I was totally surprised to see that Derbytron’s algorithm had actually dropped Minnesota down one point below Detroit in his post Mayhem rankings even though Detroit came in fourth and Minnesota paced second in the tournament.
Math is hard.
I’ll give Derbytron a break. Let’s just take a look at my second favorite roller stats site FlatTrackStats.com. Except FTS is currently ranking Minnesota over Windy City Rollers despite the thrilling but statistically expected Minnesota loss to them.
So who’s right?
Let’s look at who did the best in predicting the outcome of the Monumental Mayhem. We’re going to consider both Derbytron’s and Flat Track Stat’s algorithms as well as WFTDA’s member voted system and whatever DNN uses to make their power rankings.

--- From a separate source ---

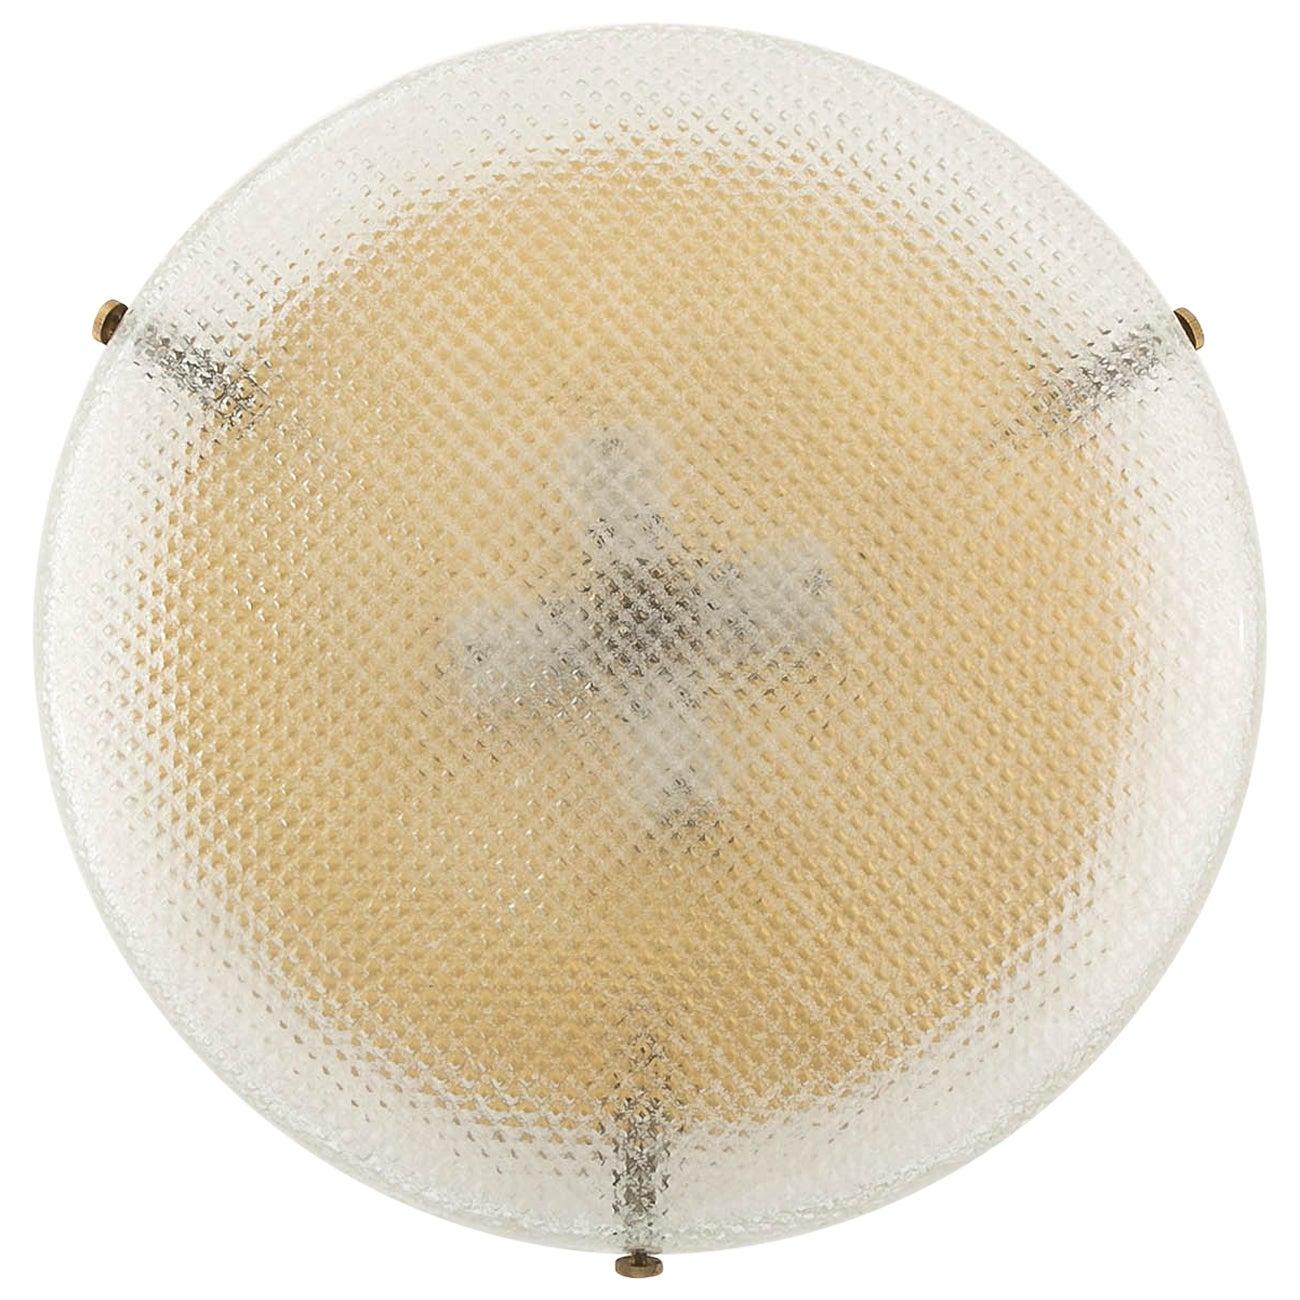 Hillebrand Flush Mount or Wall Light Fixture, Brass Square Pattern Glass, 1970

We find the difference for each team’s final tournament rank from their predicted rank and then find the sum of those. If one method predicted team X to come in 4th place but team X actually ended up in 8th the difference would be 4. We do that for all the teams in the tournament and add up the differences. A method with a lower score does better and a score of 0 means that method predicted perfectly. This is how they ranked.
- Derbytron 
- FTS 
- DNN [8-12*]
- WFTDA 
DNN gets a variable score because their Power Rankings don’t go low enough to rank 3 of the teams in the NC tournament. Best case scenario they would get a score of 8 and worst case a score of 12.
Ok, So Derbytron did the best of the four at predicting the tournament but the question becomes can we do better? When meteorologists forecast the weather they use different models and the most accurate of these models is usually the average of all the competing models and not a single model. What if we take the same approach with derby rankings?

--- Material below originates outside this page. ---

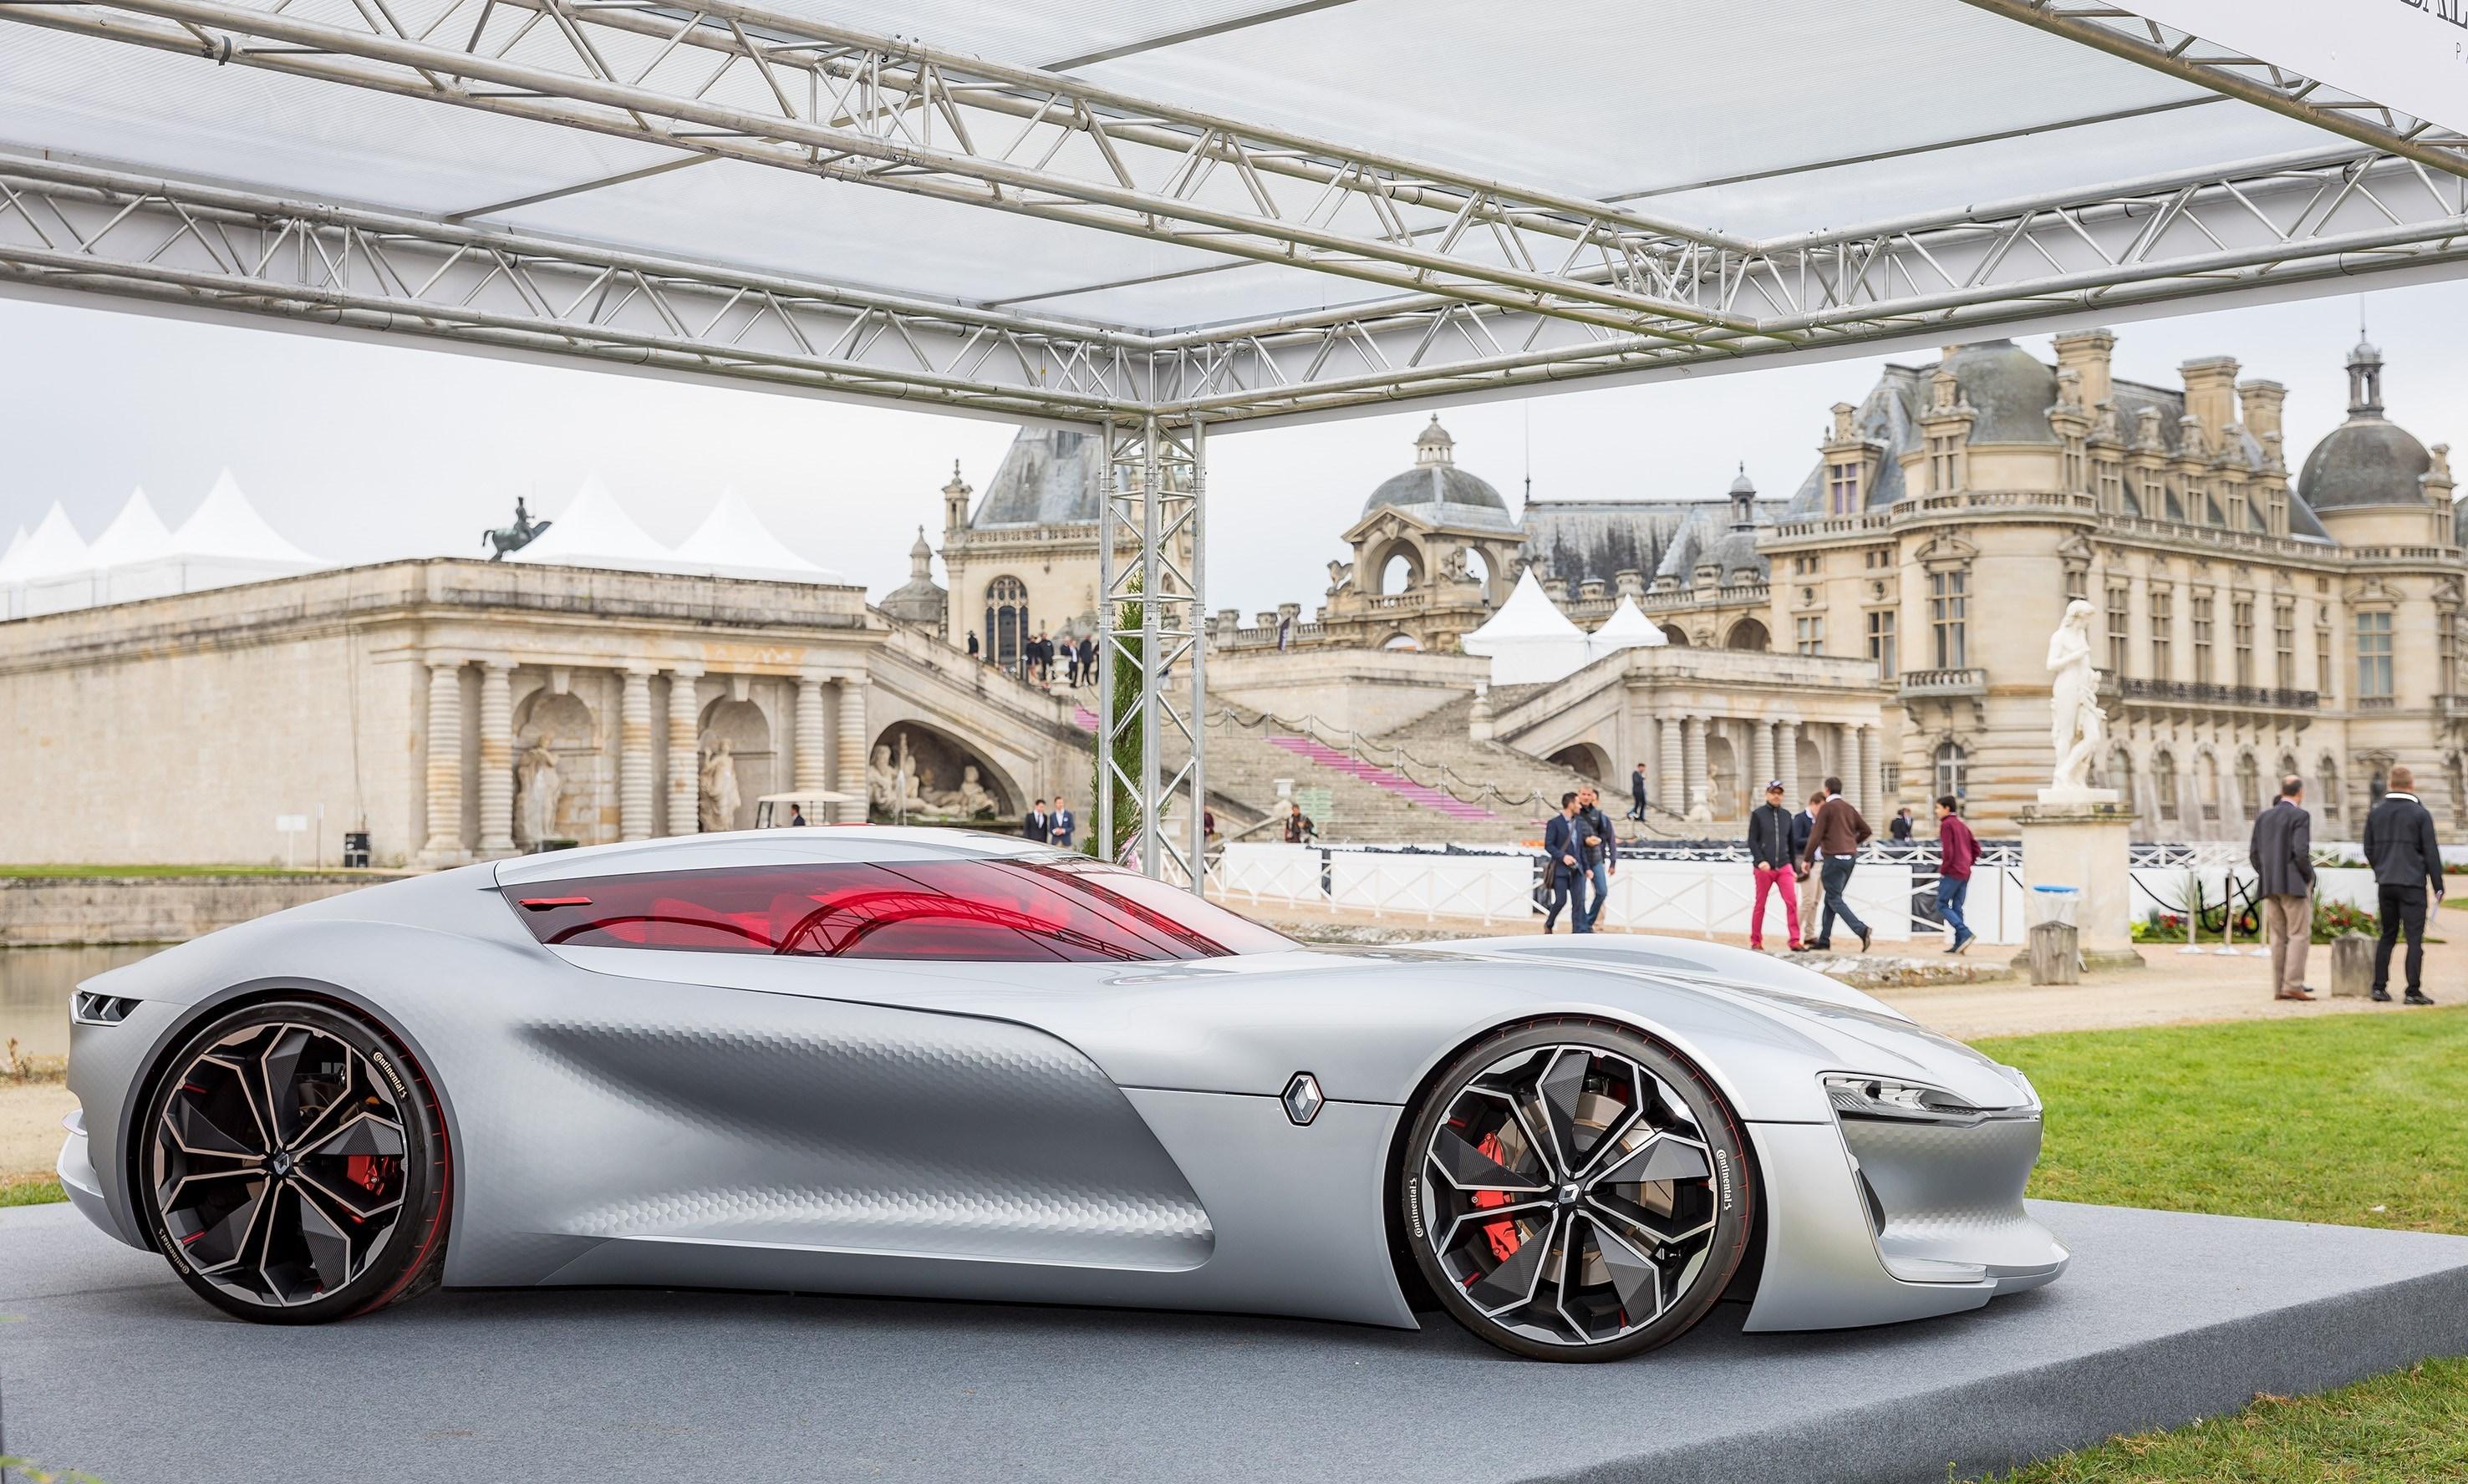 A fifth award for the Renault TREZOR concept car

If we remove DNN from the math and leave WFTDA in as our human element we end up with a score of 11 which isn’t great. I removed DNN because their rankings lacked the 8th, 9th, and 10th place teams. I plan on running these numbers again with Championals since I’ll be able to leave DNN in and remove WFTDA rankings.
What if we look only at the nerds? If we combine Derbytron and FTS we end up with a score of 3 which is incredible! We can refer to this average of the two methods as ‘Derby-Track-Stats’ or DTS.

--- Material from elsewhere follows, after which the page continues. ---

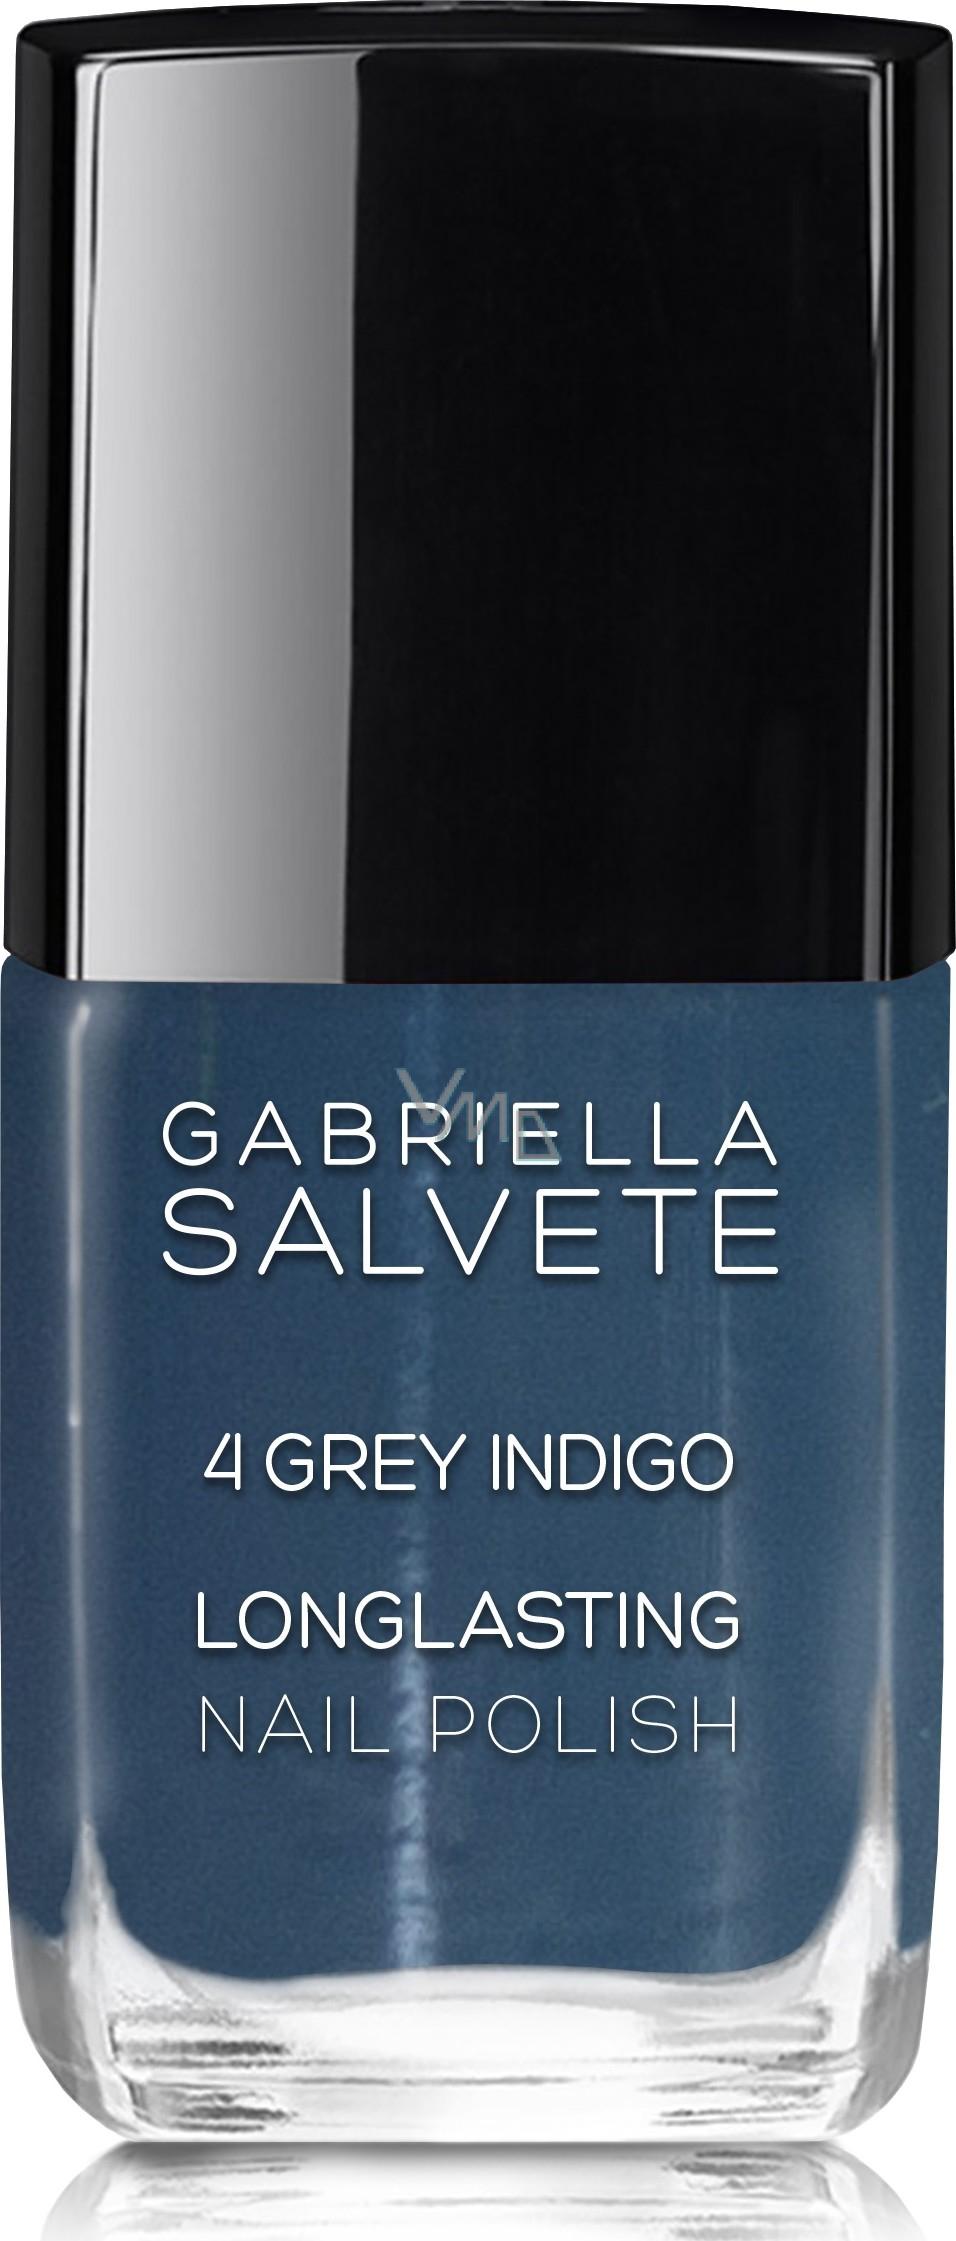 Gabriella Salva Longlasting Enamel Lak Na Nechty 04 Grey Indigo 11 Ml Vmd Drogerie

The main conclusion we can draw from this is that WFTDA needs to ditch the voted ranking system. Voting was the best solution in the very early days of modern roller derby but with more bouts and consistent reffing it becomes obvious that some teams were not invited to the region tournaments who should have been.
I’ll be using the DTS system to complete my Championals brackets in a couple of weeks and I’m excited to win the Bracket Bonanza.